The global expansion of power grids, combined with the increasing integration of renewable energy sources, introduces significant challenges for the operation and reliability of electrical systems. Although renewable technologies such as solar and wind energy play a crucial role in the transition toward sustainable energy, their intermittent and unpredictable generation makes it more difficult to maintain the balance between electricity supply and demand in interconnected networks. This variability creates important challenges for ensuring the stability, reliability, and cost-effective operation of microgrids. Integrating new power sources often requires the expansion of transmission infrastructure, which involves substantial investment and careful planning to prevent bottlenecks and congestion. One of the most critical concerns is the risk of cascading blackouts, where a localized failure can propagate throughout the system and trigger widespread outages [27,28]. For instance, European transmission networks have demonstrated real vulnerabilities, such as the partial grid separation on 8 January 2021, which highlighted the susceptibility of interconnected systems to frequency deviations and sudden disturbances [28]. Traditional control and optimization methods are insufficient to address these challenges, particularly in systems with multiple renewable sources, energy storage, and dynamic load profiles. This highlights the critical need for advanced energy management systems that can effectively coordinate distributed generation, optimize energy storage, preserve grid stability, and reduce operational costs.
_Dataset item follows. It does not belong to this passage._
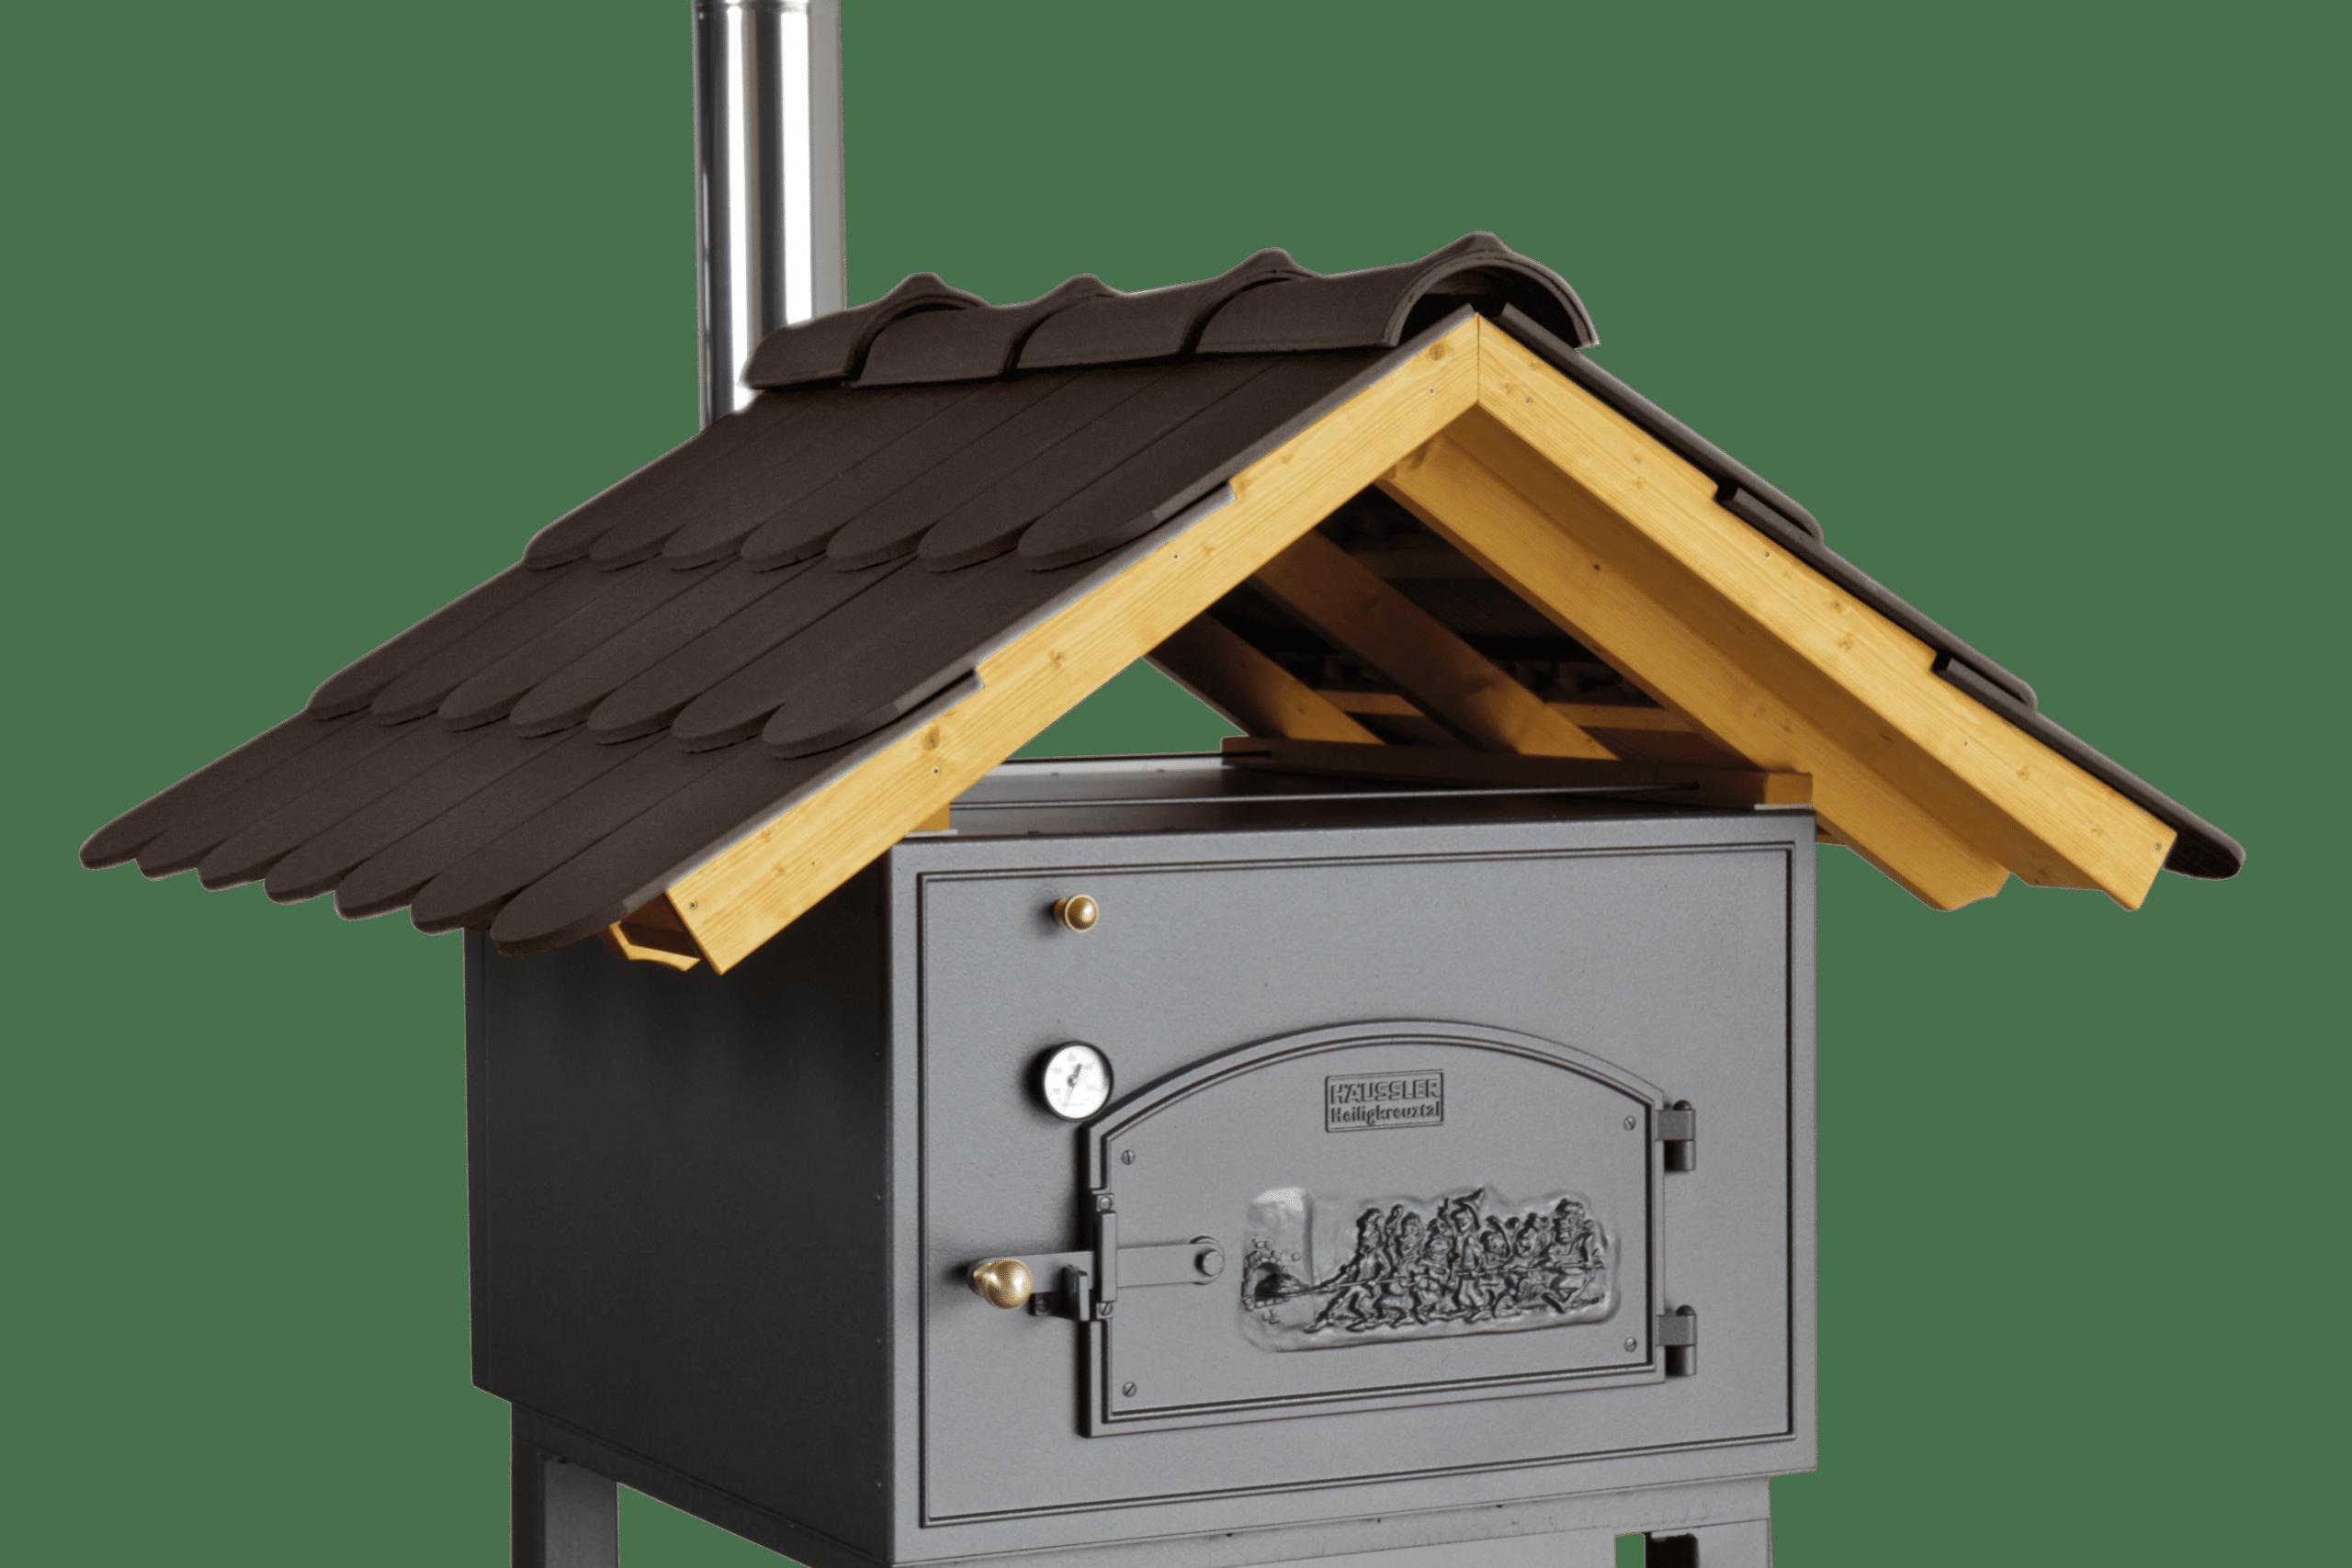 Häussler Dach für HABO Holzbackofen

The global expansion of power grids, combined with the increasing integration of renewable energy sources, introduces significant challenges for the operation and reliability of electrical systems. Although renewable technologies such as solar and wind energy play a crucial role in the transition toward sustainable energy, their intermittent and unpredictable generation makes it more difficult to maintain the balance between electricity supply and demand in interconnected networks. This variability creates important challenges for ensuring the stability, reliability, and cost-effective operation of microgrids.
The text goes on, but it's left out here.